La fe es como la vista del alma, ya que quien tiene fe, interpreta todo lo que sucede en el mundo y en su vida, a la luz de ella, y así camina seguro por el camino de este mundo.

La fe la podemos perder, especialmente si no la alimentamos con buenas lecturas, de la Biblia, de vidas de Santos, de autores espirituales serios. Y también la podemos aumentar con la recepción de los Sacramentos, rezando todos los días y hasta varias veces por día el Credo, oración que le agrada enormemente a la Santísima Virgen, porque es la que se opone fuertemente al Dragón rojo del Apocalipsis, que es el ateísmo marxista.
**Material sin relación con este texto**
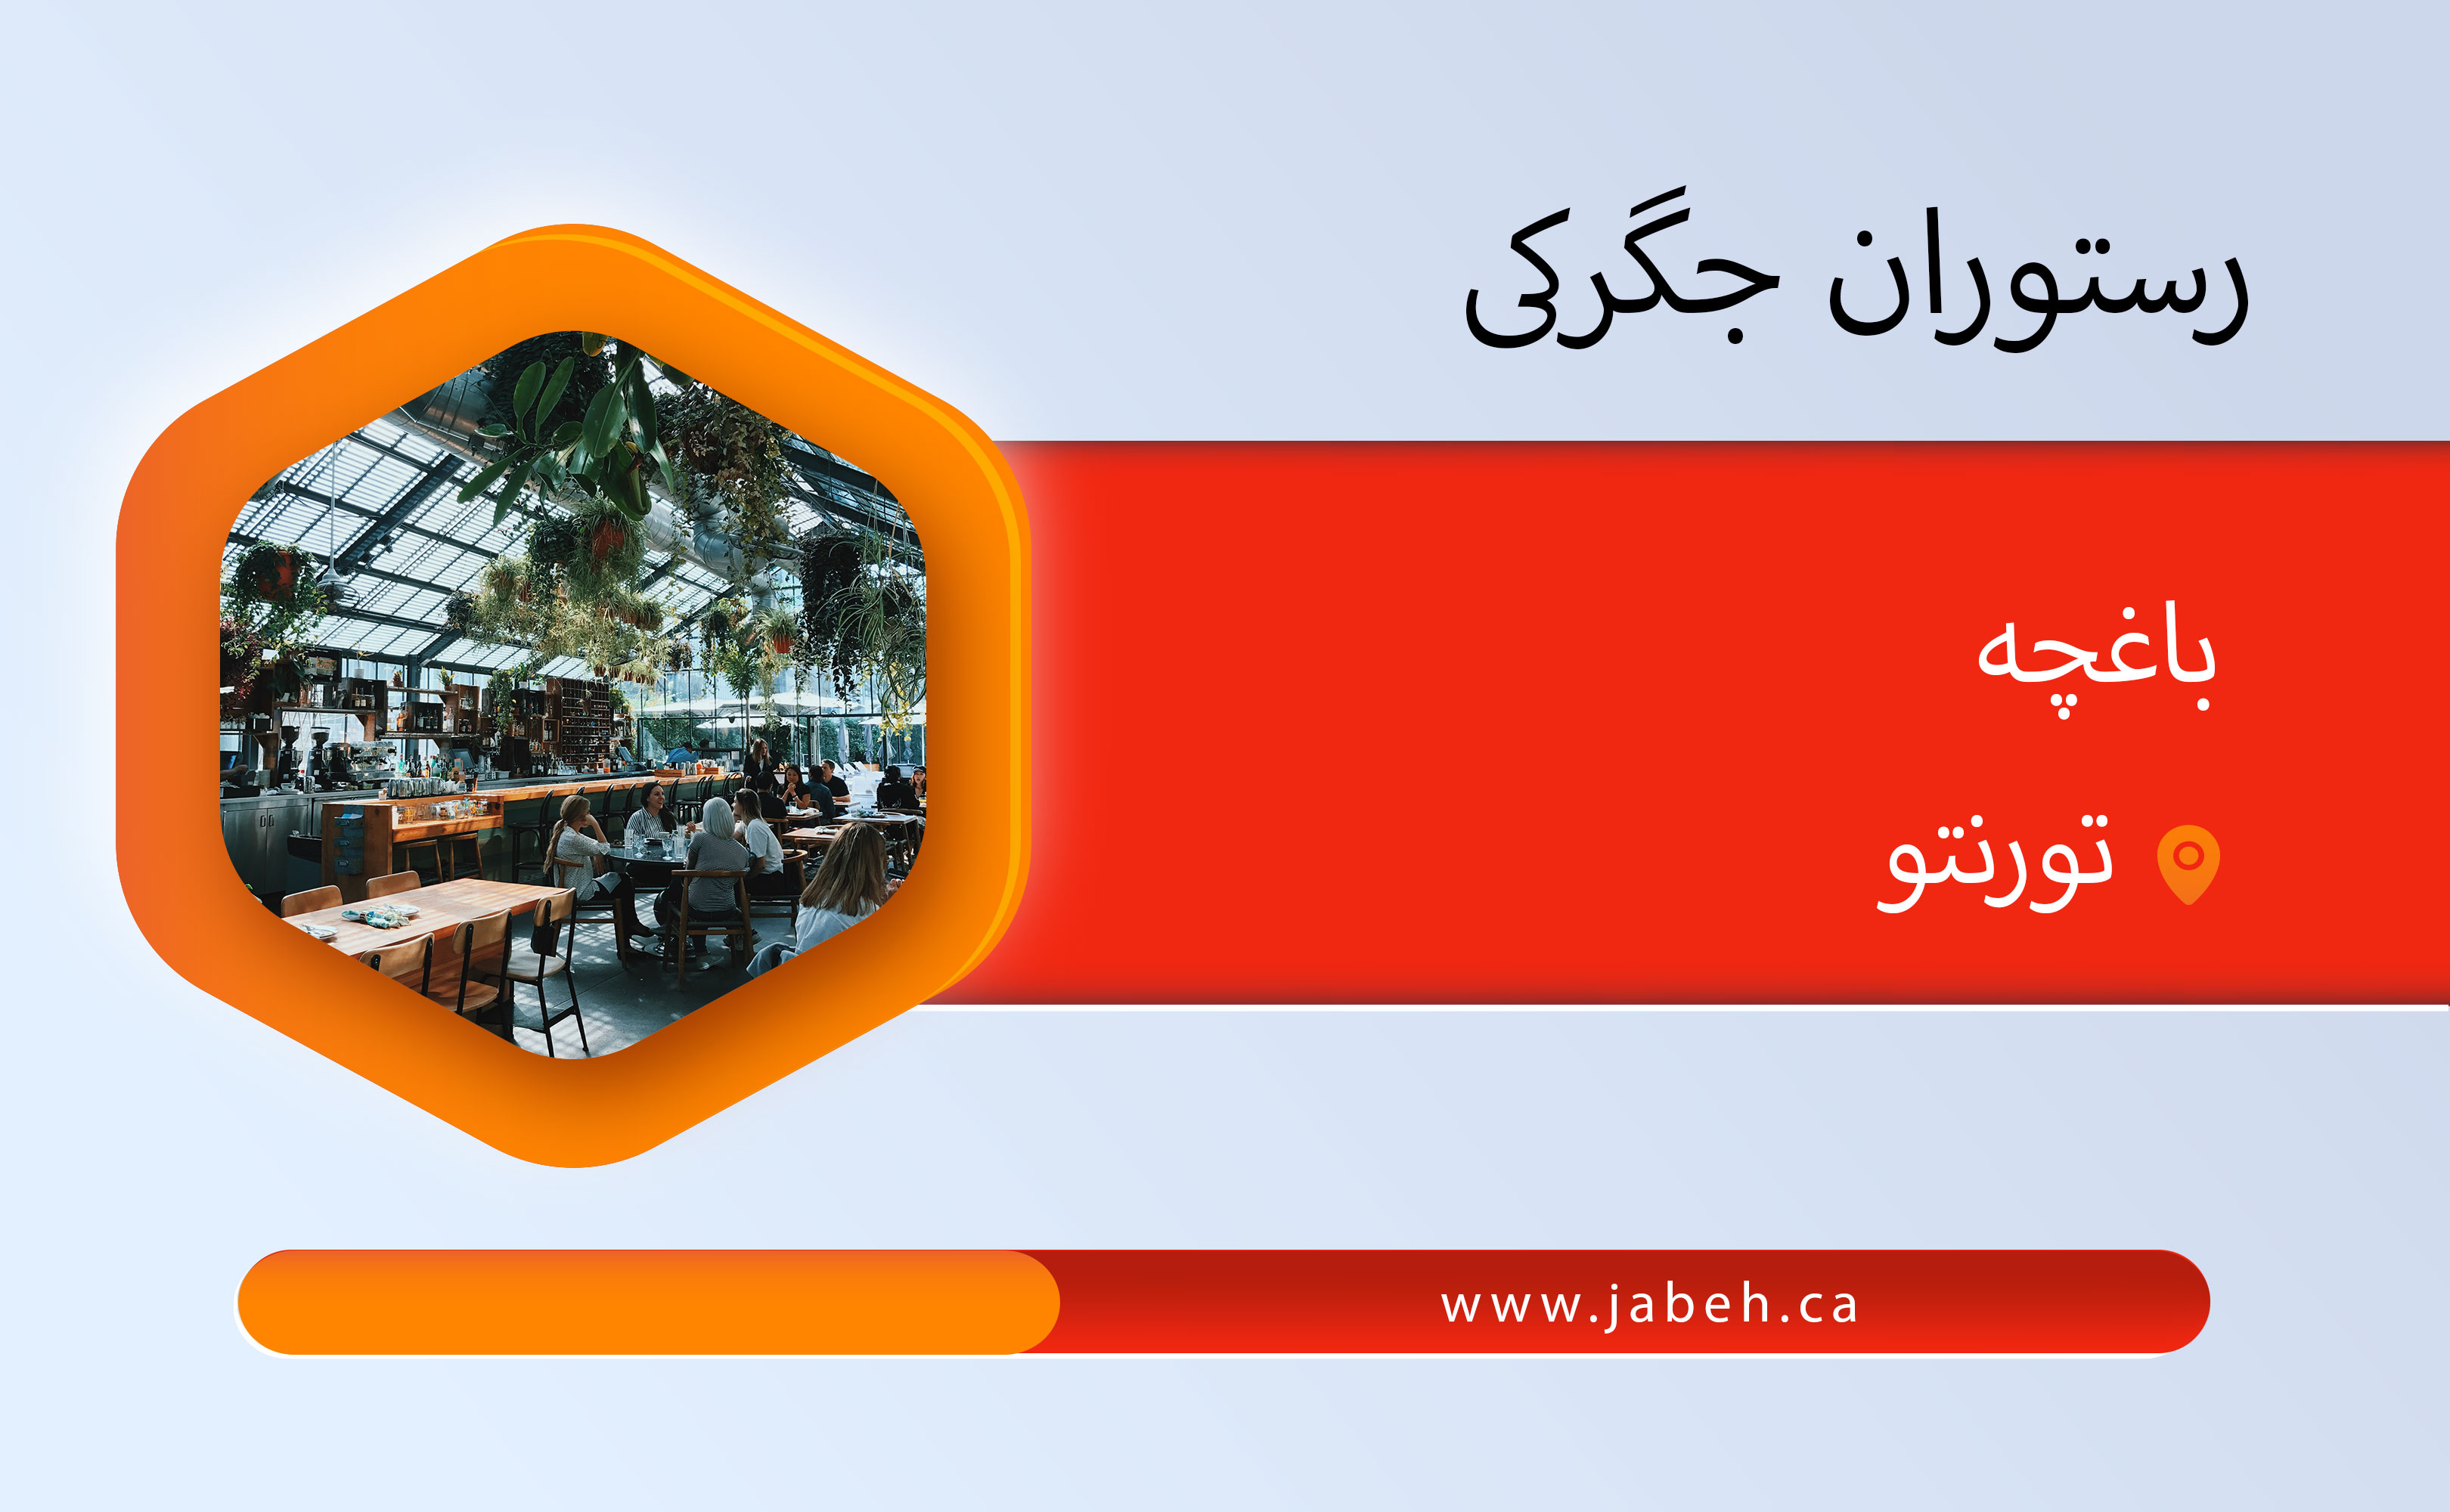 Jegraki Baghche restaurant in Toronto

No hay que arriesgarse a perder la fe, y esto lo hacemos cuando leemos libros malos o dañinos, que ponen en duda la Revelación. Pero hay que estar atentos porque muchas veces dentro de la Iglesia Católica, hay teólogos, sacerdotes y hasta Obispos y Cardenales, que van en contra de la fe, de la verdadera fe, y así confunden mucho a los fieles porque no siguen las enseñanzas del Magisterio y de la Iglesia.

Estamos en un tiempo muy difícil, llamado de la Gran Apostasía, es decir, de la pérdida de la fe en masa. Por eso lo primero que tenemos que hacer para cuidar nuestra fe es estar atentos y vigilantes, sin menospreciar al adversario, sin creernos que las sabemos todas, y jamás dormirnos en los laureles. Porque así como una planta que no se riega y alimenta, antes o después muere; así también la fe que no es alimentada por los sacramentos, la oración y la lectura espiritual y la meditación, tarde o temprano morirá.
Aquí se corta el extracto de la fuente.